● Activity
From the entries below, transcribe exactly the lines between the line holding "demon-rum-spiced-bottle-sinfully-smooth" and the line holding "FL-117 High quality", inclusive; skip all other lines.

● Data for analysis
+ + + +

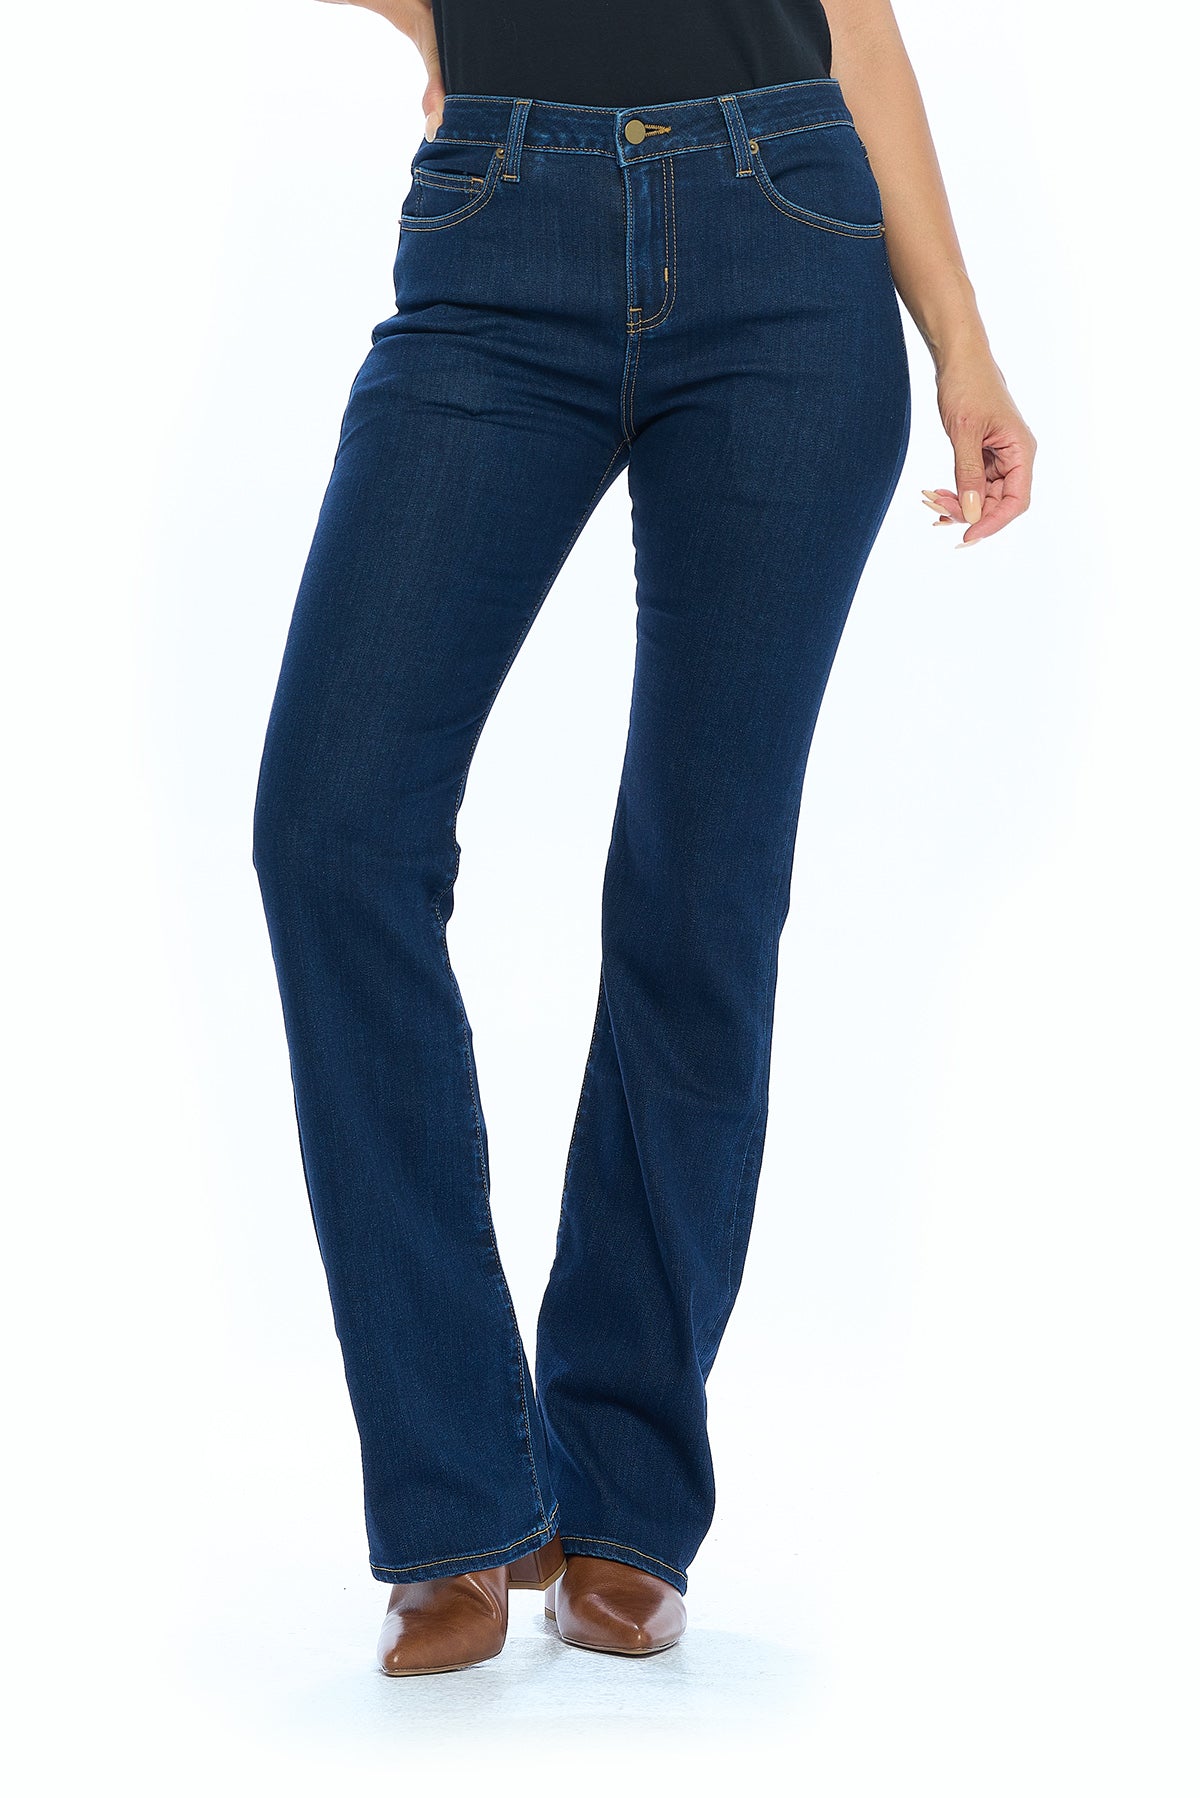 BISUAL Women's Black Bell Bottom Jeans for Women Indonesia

+ + + +

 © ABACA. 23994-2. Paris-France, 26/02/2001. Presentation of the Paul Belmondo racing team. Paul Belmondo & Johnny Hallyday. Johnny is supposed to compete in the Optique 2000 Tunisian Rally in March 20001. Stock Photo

+ + + +

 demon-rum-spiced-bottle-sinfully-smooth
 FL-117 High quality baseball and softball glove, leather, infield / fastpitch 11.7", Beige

+ + + +

● Finished exercise
 demon-rum-spiced-bottle-sinfully-smooth
 FL-117 High quality baseball and softball glove, leather, infield / fastpitch 11.7", Beige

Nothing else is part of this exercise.